Cerca de 10 meses depois de ter contestado a exoneração do cargo de presidente da Comissão Executiva da Sonangol Pesquisa & Produção (Sonangol P&P) - apresentada pela gestão de Isabel dos Santos como consequência do facto de essa ter sido a empresa do grupo da petrolífera nacional que "apresentou as maiores debilidades de gestão e consequentemente de desvios financeiros" -, Carlos Saturnino "renasce das cinzas" para assumir o cargo de secretário de Estado dos Petróleos.
Tendo em conta o assumido despique com a liderança da petrolífera nacional, que envolveu mesmo acusações de falta de ética - "não é correcto, nem ético, atribuir culpas à equipa que somente esteve a dirigir a empresa no período entre a segunda quinzena de Abril/2015 a 20-12-16", apontou Saturnino aquando da exoneração -, a nomeação para o Governo do ex-presidente da Comissão Executiva da Sonangol P&P reforça a ideia de que existe um jogo de forças a opor João Lourenço e Isabel dos Santos.
Afinal, ao contrário do que tem sido prática, o novo Presidente da República não teve margem de manobra para nomear o conselho de administração da petrolífera estatal, cujo mandato foi "blindado" pelo ex-Chefe de Estado, José Eduardo dos Santos, pouco antes de deixar a Cidade Alta.

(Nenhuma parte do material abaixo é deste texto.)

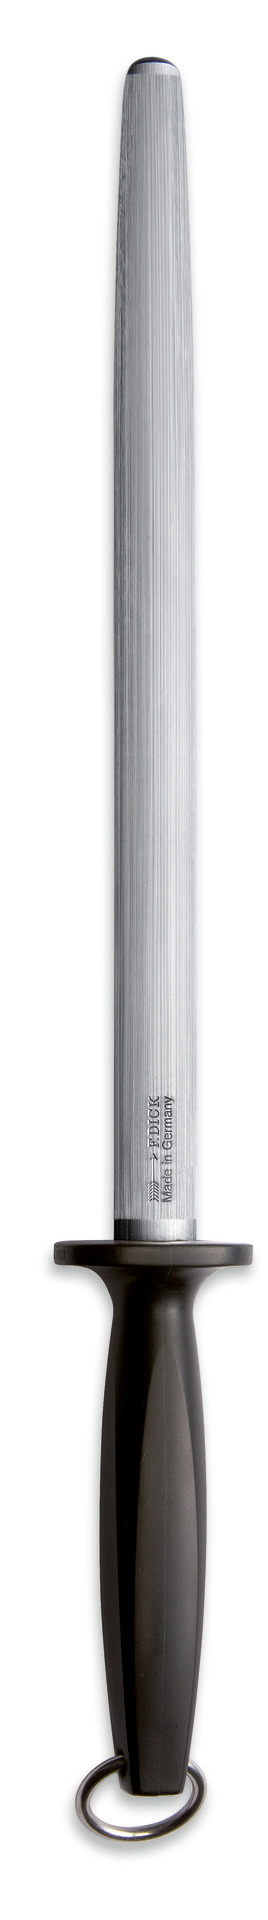 Fleischerwetzstahl oval Klingenlänge 300 mm Standardzug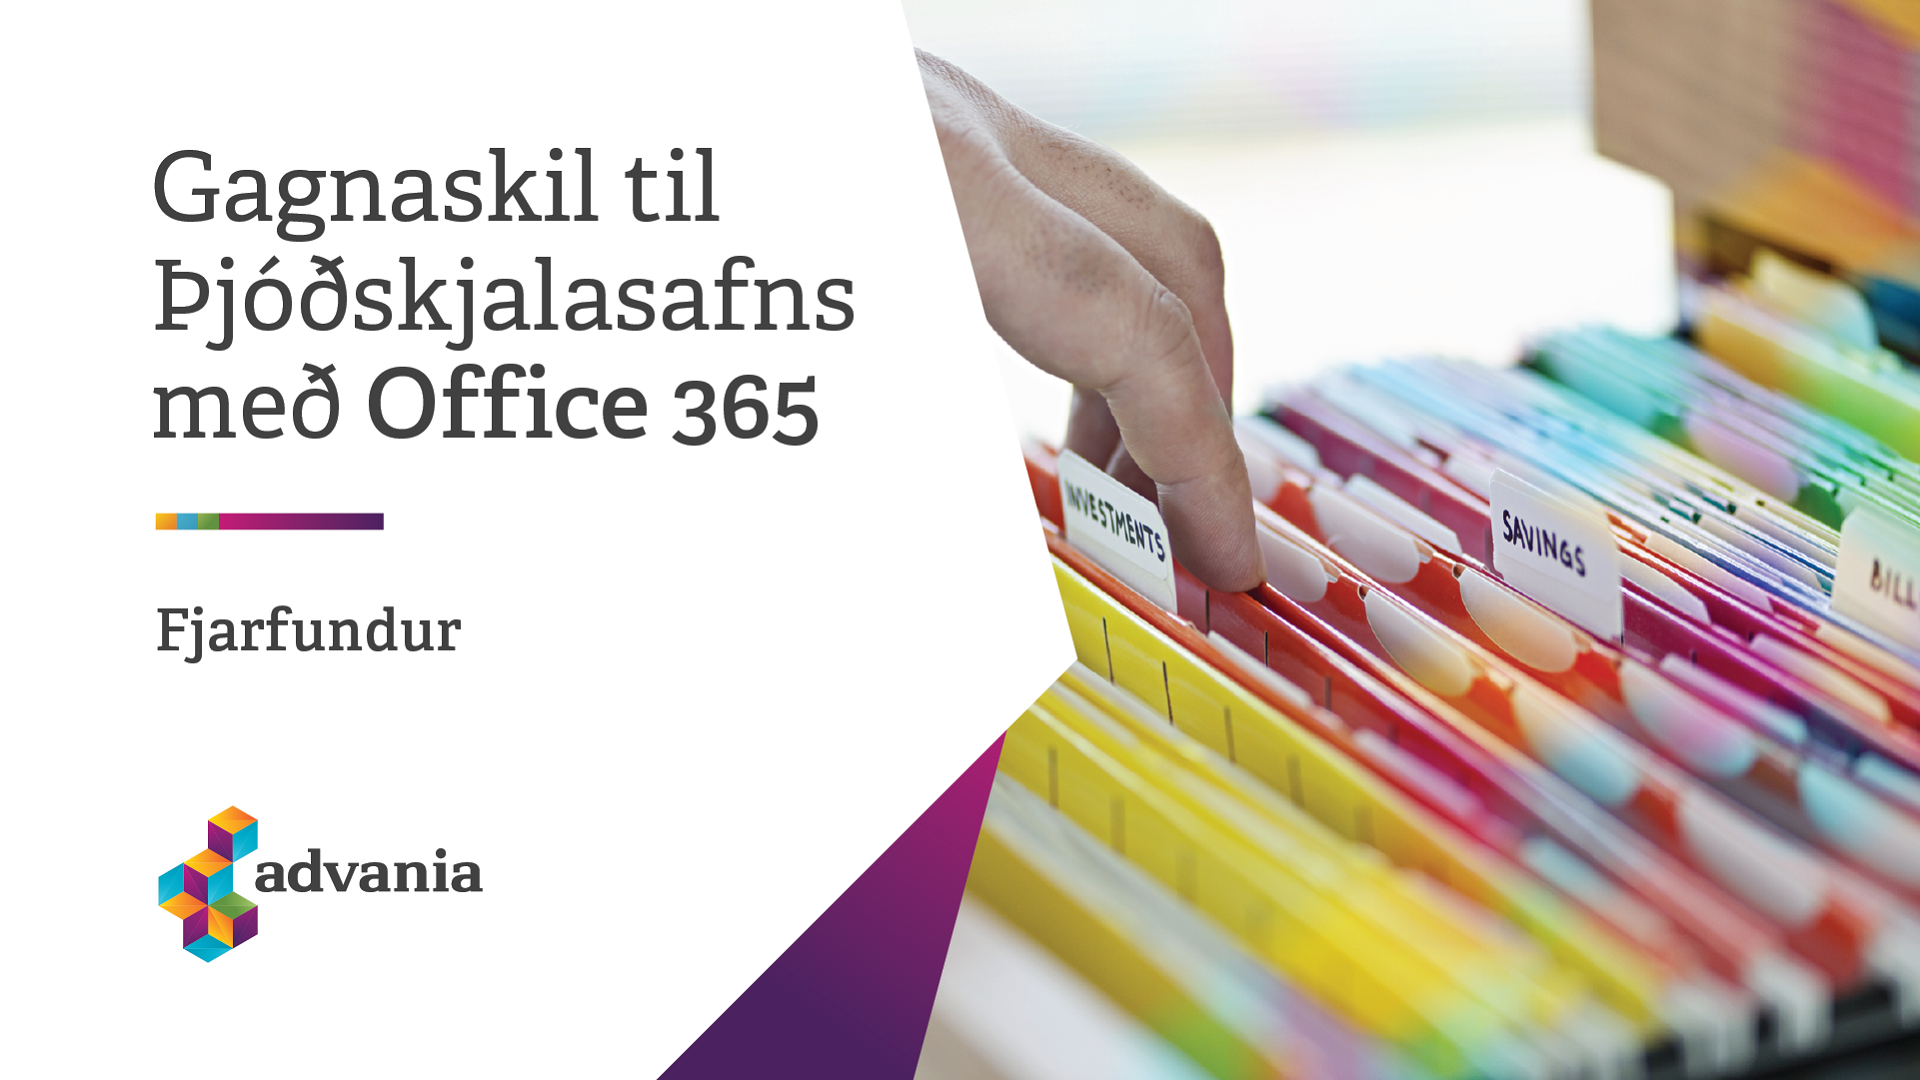 Image for event - Gagnaskil til Þjóðskjalasafns með Office 365

Em causa está o despacho presidencial interno n.º17/17, de 25 de Julho, em que o Chefe de Estado estabelece que "o mandato dos titulares dos órgãos da Administração Indirecta do Estado (Empresas e Institutos Públicos ou similares) não cessam e nem estão ligados directamente ao mandato do Presidente da República, mas sim ao mandato definido no acto de nomeação".
Quer isto dizer que o sucessor de José Eduardo dos Santos deverá manter o elenco de administradores públicos herdado, orientação que "blinda" a liderança de Isabel dos Santos na Sonangol.
Isabel dos Santos "blindada" pelo pai
A decisão tornou-se ainda "mais vinculativa", tendo em conta que surgiu pouco mais de um mês depois de o então ministro e Chefe da Casa Civil, Manuel da Cruz Neto, ter instruído, através de uma circular, as administrações das empresas e institutos públicos a entregar, até 15 de Julho, uma pasta que permitisse "transferir de forma objectiva, transparente e leal ao próximo titular a gestão e responsabilidade" de cada companhia.
O documento assinado pelo então ministro e Chefe da Casa Civil generalizou a convicção de que também os herdeiros de José Eduardo dos Santos - Isabel dos Santos na Sonangol e José Filomeno dos Santos no Fundo Soberano de Angola - estariam obrigados a prestar contas e a arrumar a casa antes das eleições, interpretação que o despacho presidencial veio descartar.
Neste cenário, de administrações pré-impostas, "existe o risco de, aos olhos do público angolano e dos observadores internacionais, surgir a percepção de que existem dois poderes em Angola: a companhia nacional petrolífera e a Presidência" da República, apontou recentemente o politólogo Ricardo Soares de Oliveira.
Neste jogo de forças, a nomeação de Carlos Saturnino emerge como um trunfo a favor do novo Chefe de Estado.